▶ _WHAT NEEDS TO BE DONE_
Verbatim output of the lines below is required, with the images omitted.

▶ _COLLECTED DATA_
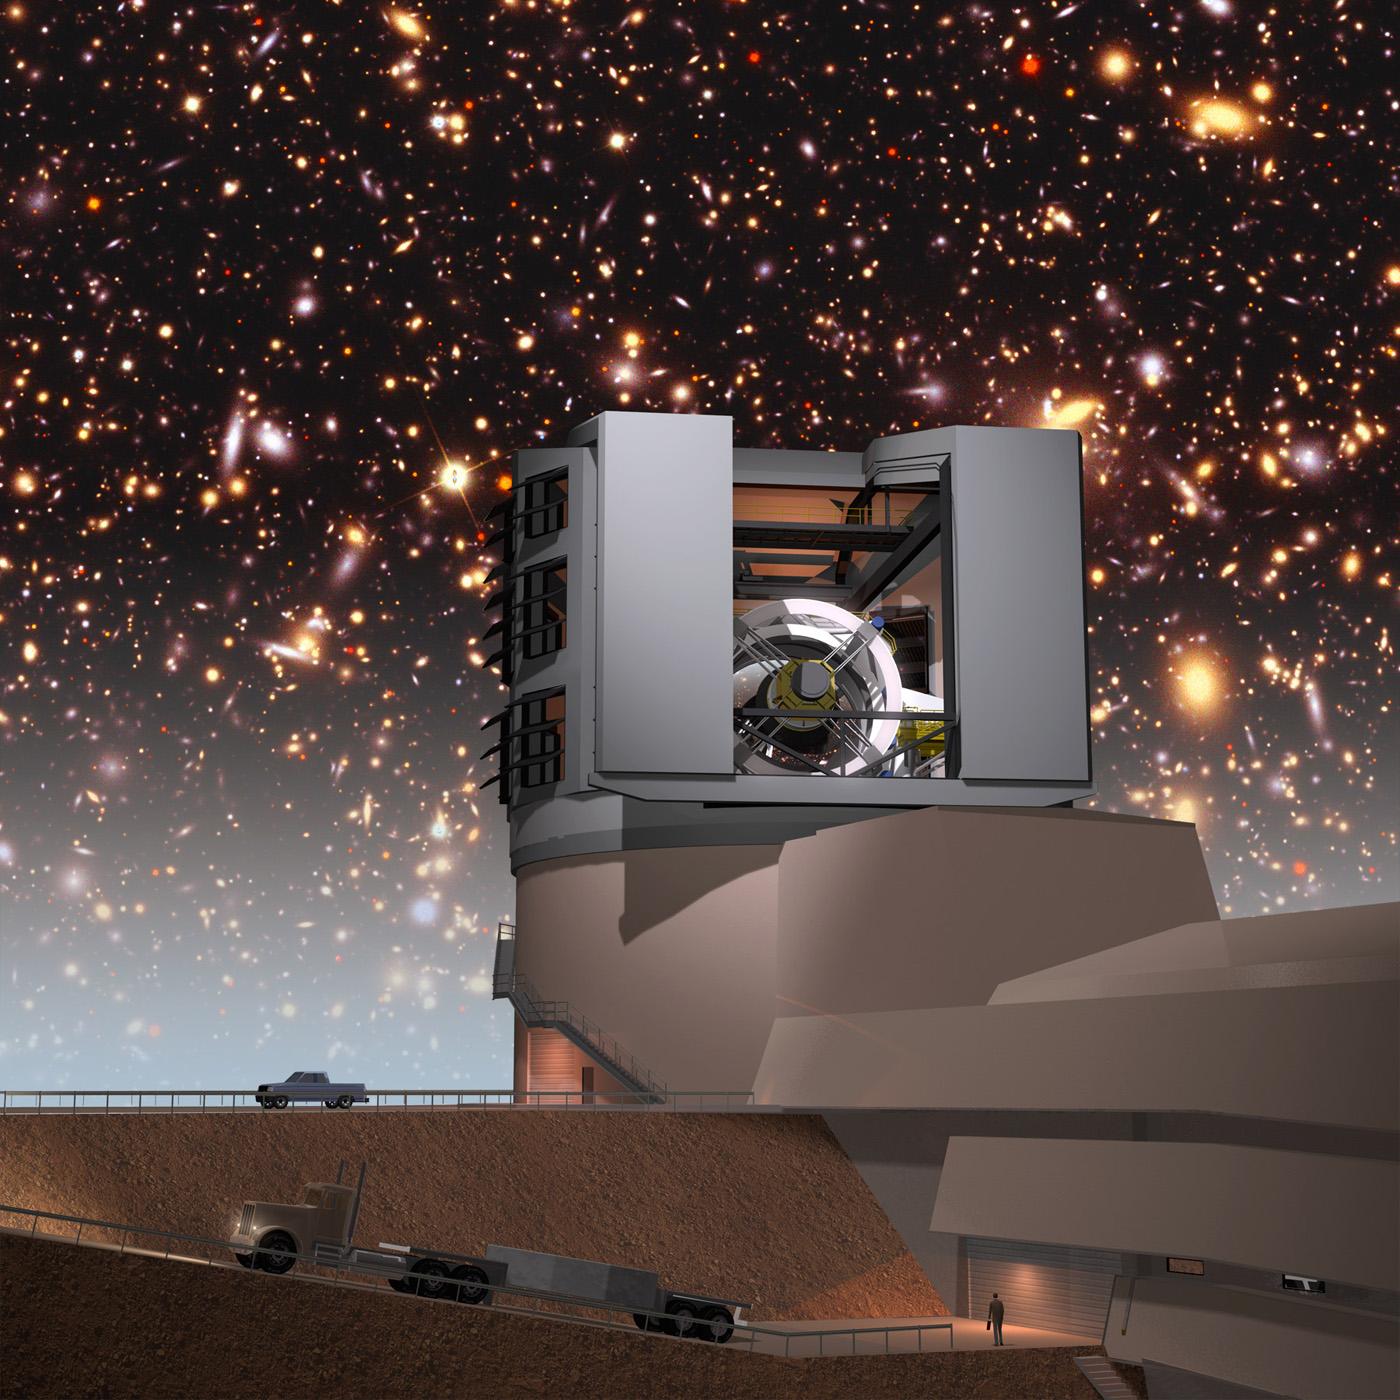 Observatory set against a night sky
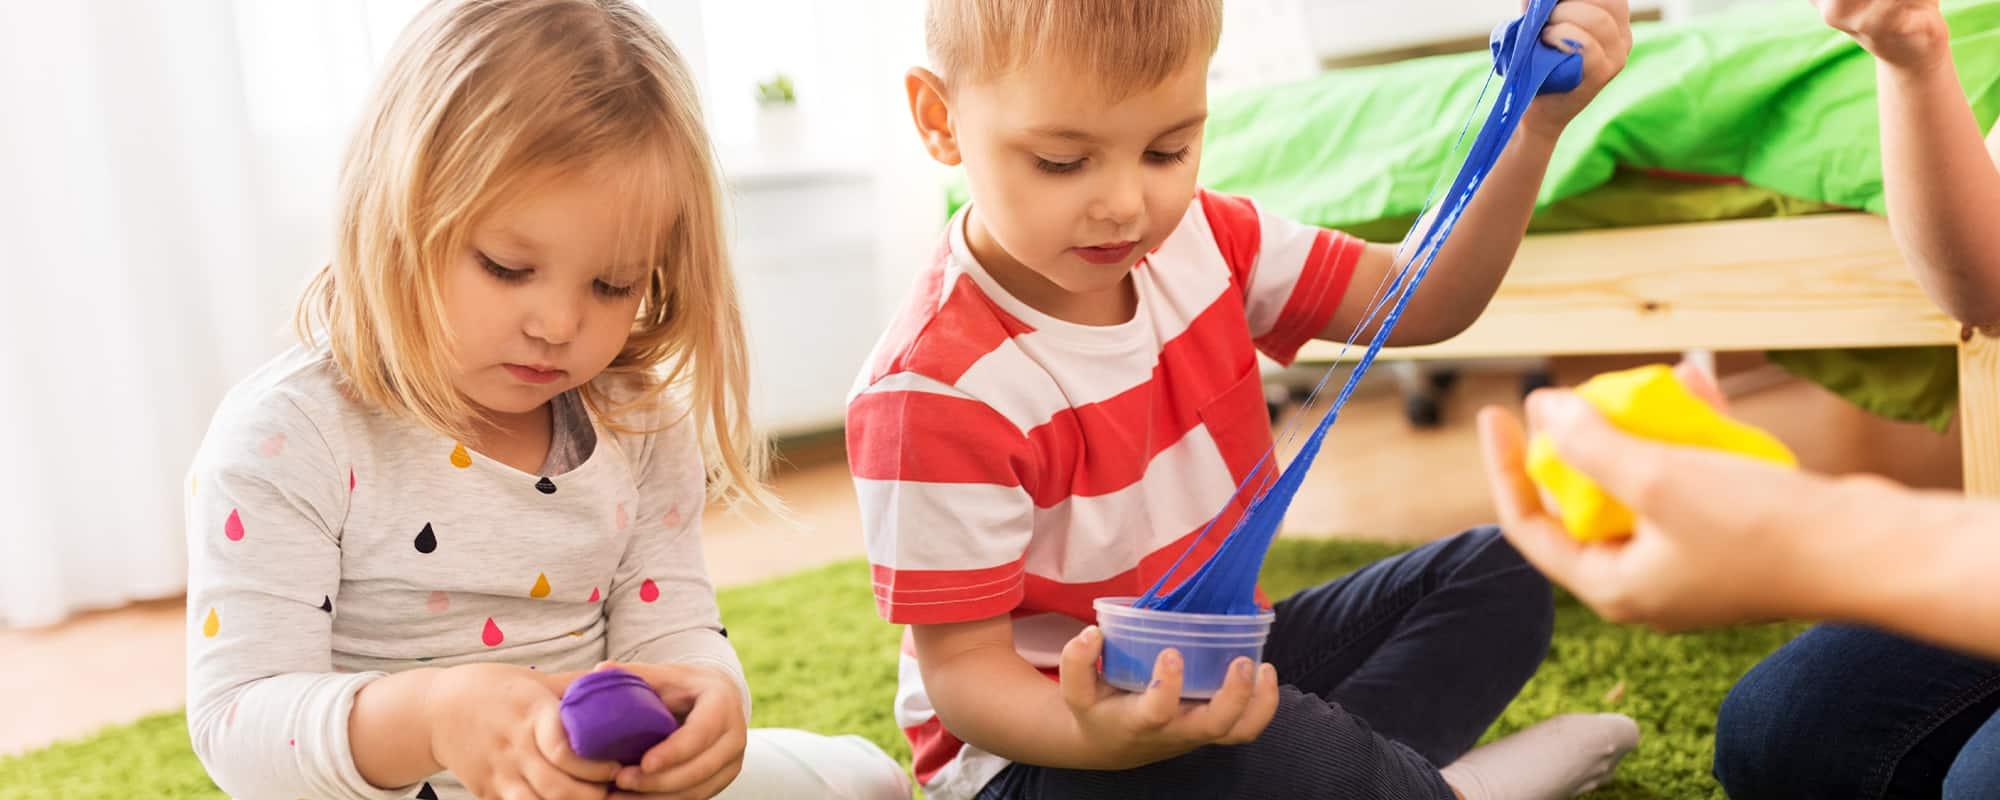 3 Simple Sensory Play Ideas For Kids
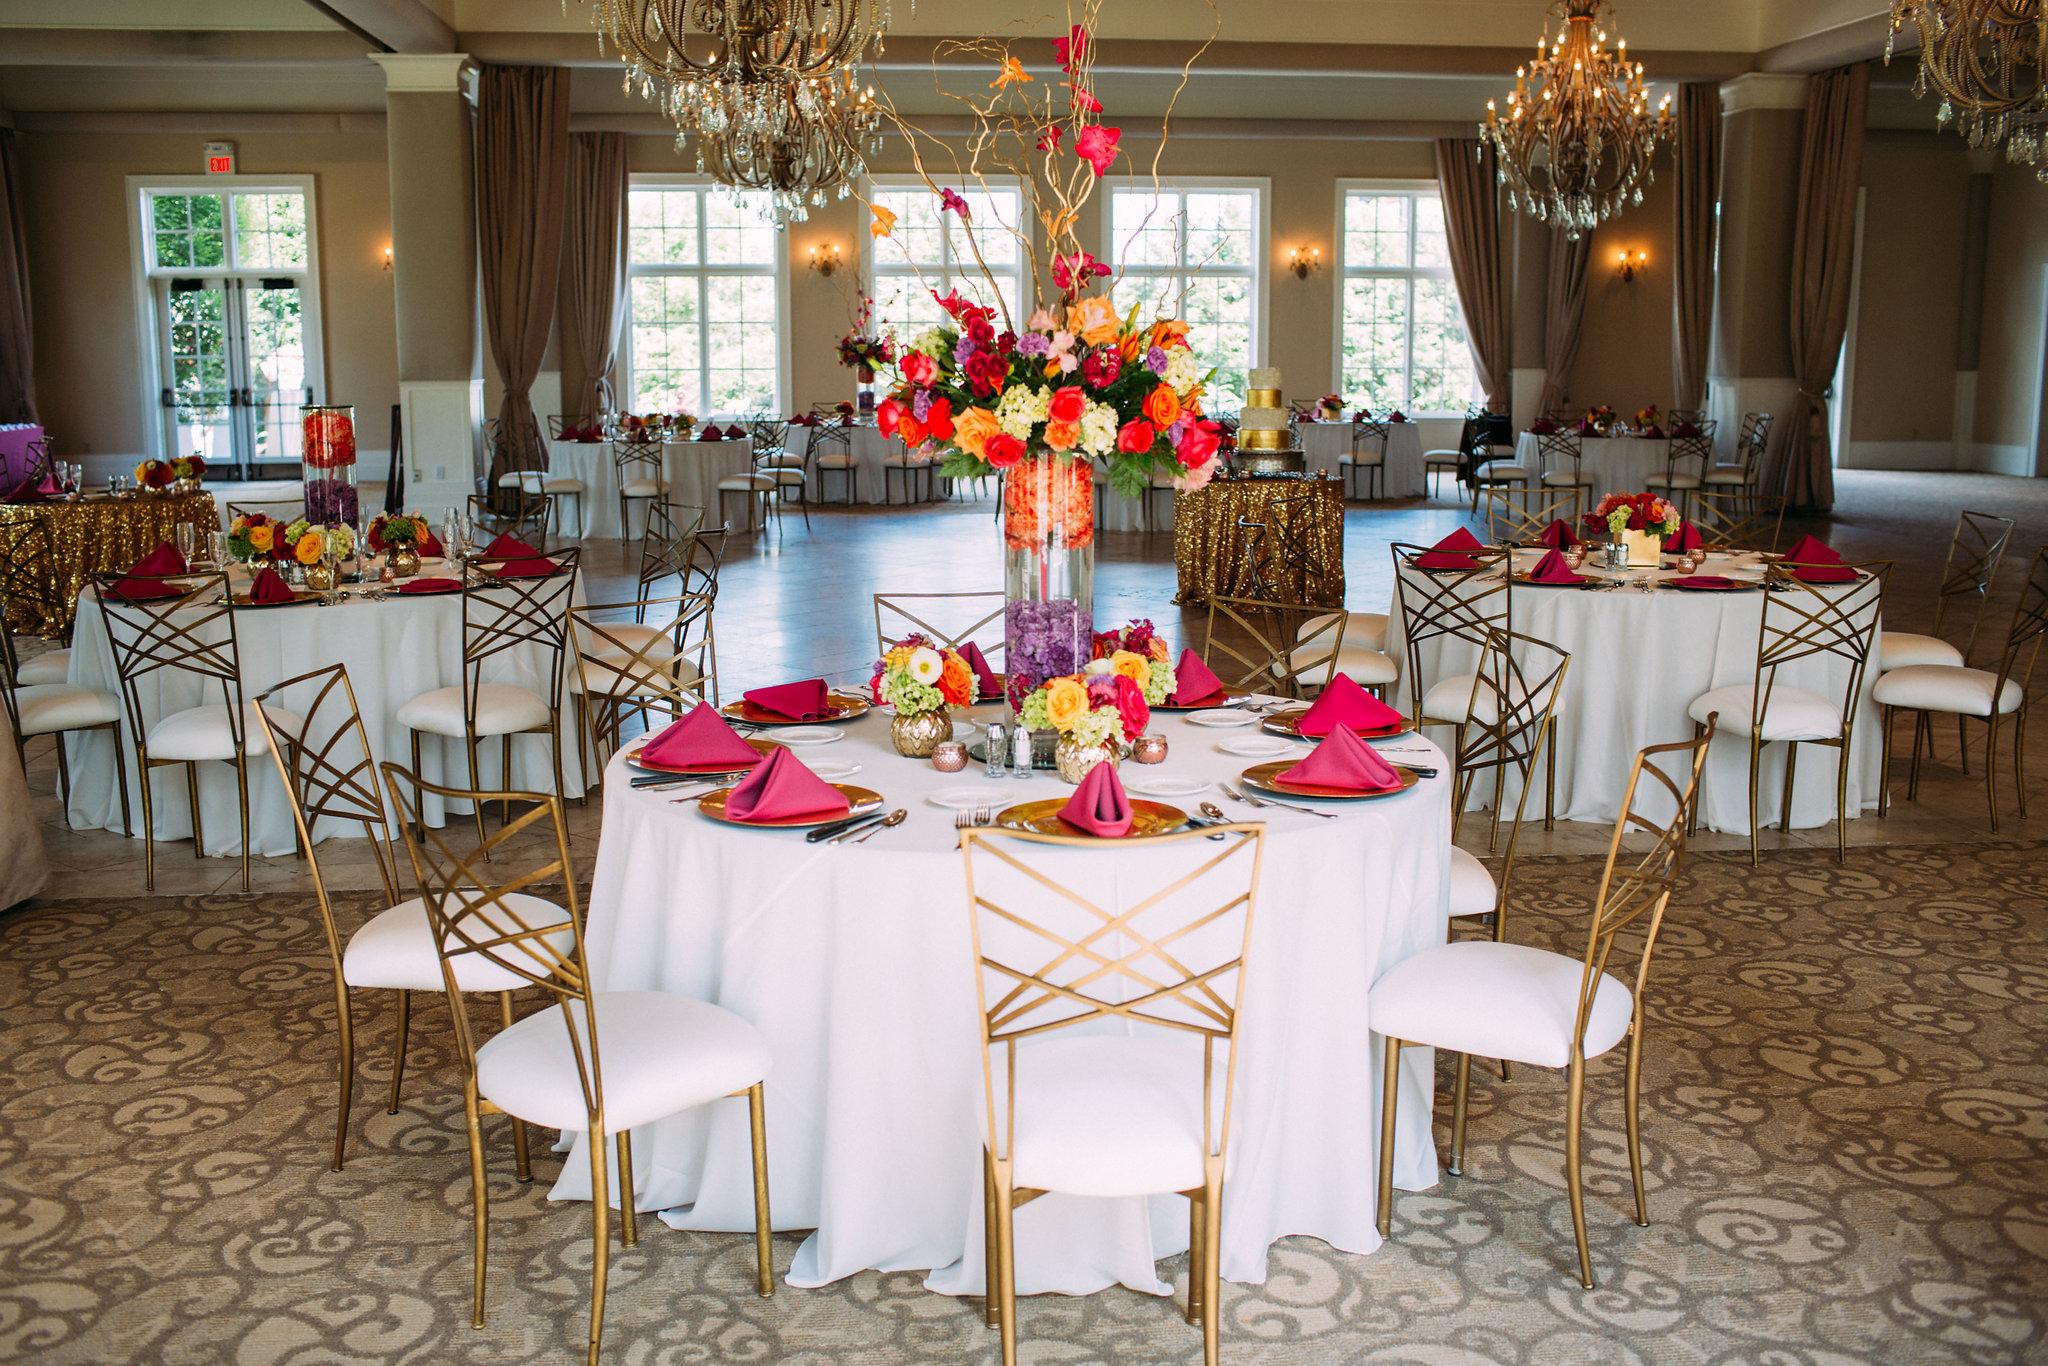 Romantic & bright wedding reception

▶ _ANSWER TO THE EXERCISE_
 Observatory set against a night sky
 3 Simple Sensory Play Ideas For Kids
 Romantic & bright wedding reception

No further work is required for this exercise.